Eine parallel zum Gipfel stattfindende Ausstellung wird ermöglichen Afrikanische Reiseziele, Tourismusverbände, Fluggesellschaften, Hotelmarken, Reise-Technologieunternehmen und Kulturinstitutionen um Produkte, Dienstleistungen und investitionsreife Projekte zu präsentieren.

ATC erklärte, der Gipfel komme zu einem kritischen Zeitpunkt, da sich verändernde globale Reisemuster, ein wachsendes Interesse an Erlebnis- und Diaspora-Tourismus sowie zunehmende innerafrikanische Reisen Afrika die Möglichkeit böten, sich neu zu positionieren – nicht als 54 konkurrierende Reiseziele, sondern als ein vernetzte kontinentale Tourismuswirtschaft.

„Die Zukunft des afrikanischen Tourismus liegt in der Zusammenarbeit, nicht im Wettbewerb“, erklärte die Kommission und betonte, dass der Gipfel in Lagos eine Plattform für afrikanische Länder bieten werde, um mit einer Stimme zu sprechen, ernsthafte Investitionen anzuziehen und die Interessen von Reisenden und Gastgemeinden zu wahren.

Über den Dialog hinaus wird vom ATC Tourism Summit and Exhibition erwartet, dass er Folgendes bewirkt: konkrete Ergebnisseeinschließlich politischer Empfehlungen, Investitionszusagen, Partnerschaftsrahmen und Umsetzungsfahrplänen zur Steuerung der Tourismusentwicklung in den verschiedenen Regionen.
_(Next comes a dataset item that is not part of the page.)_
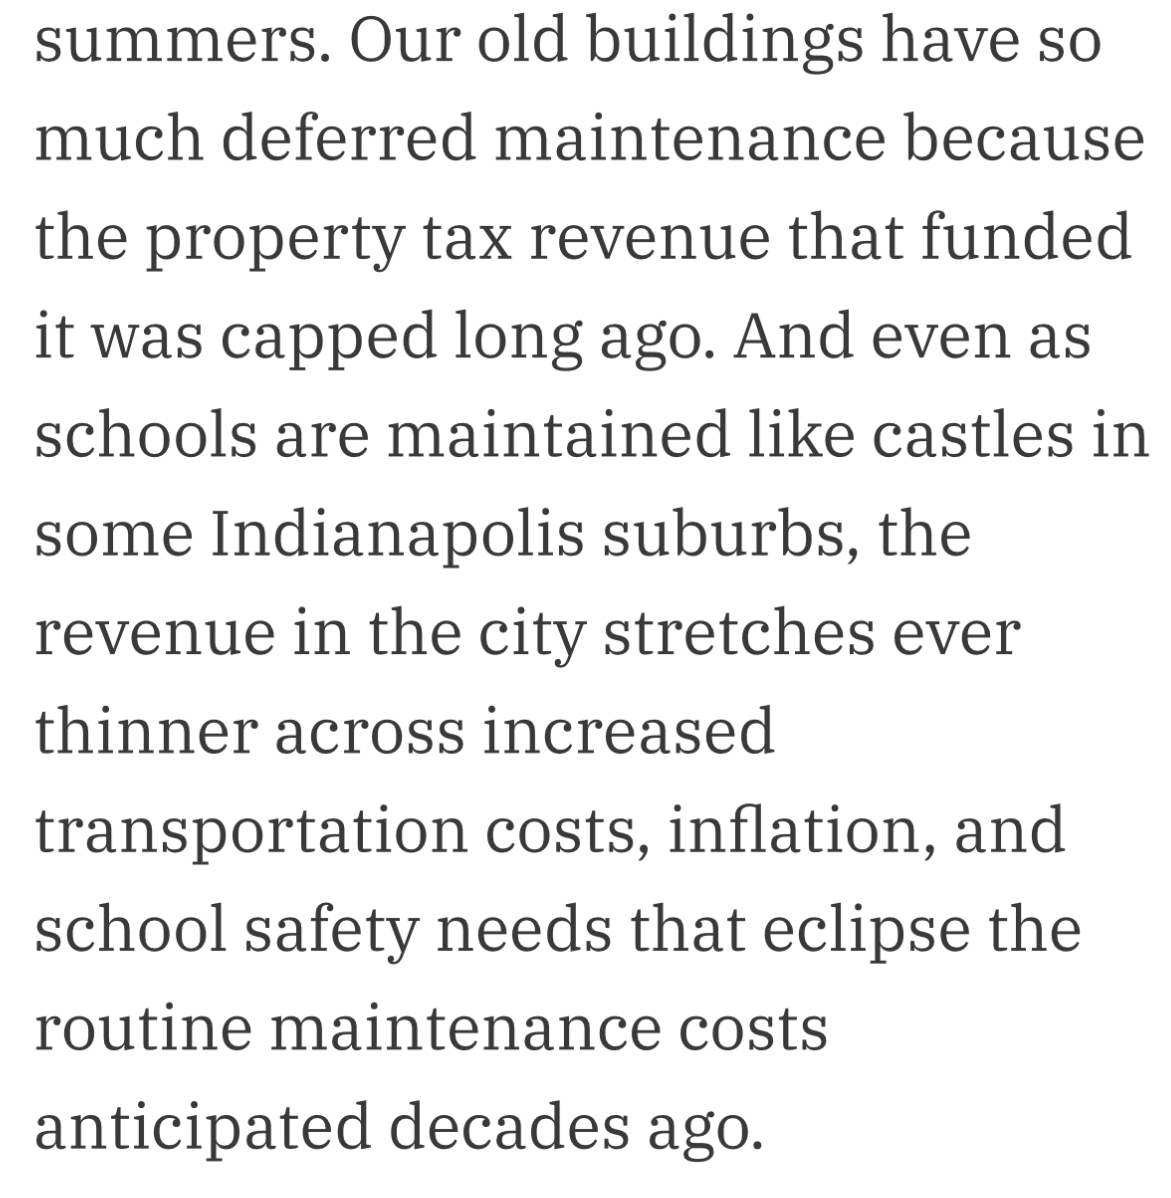 Saw this false claim in Chalkbeat today. IPS receives 137% more in property taxes today than it did a decade ago while its LEA serves 29% fewer students. During that time, cumulative inflation was 32%. IPS gets more per-pupil property taxes than any suburban district.

Für Lagos und Nigeria stärkt die Veranstaltung die Rolle des Landes bei der Gestaltung der kontinentalen Debatten über Tourismus, Handel und Mobilität. Für Afrika markiert sie einen weiteren Schritt zur Angleichung des Tourismus an die AfCFTA, das Open-Skies-Abkommen und die Visareform – und setzt damit politische Ambitionen in wirtschaftliche Erfolge um.

Während Afrika nach Wegen für nachhaltiges Wachstum sucht, richten sich alle Augen im Februar 2026 auf Lagos – wo Tourismus, Politik und Investitionen zusammenkommen werden, um das nächste Kapitel des Kontinents zu gestalten.

Über die Autorin

Jürgen T Steinmetz

Jürgen Thomas Steinmetz ist seit seiner Jugend in Deutschland (1977) kontinuierlich in der Reise- und Tourismusbranche tätig.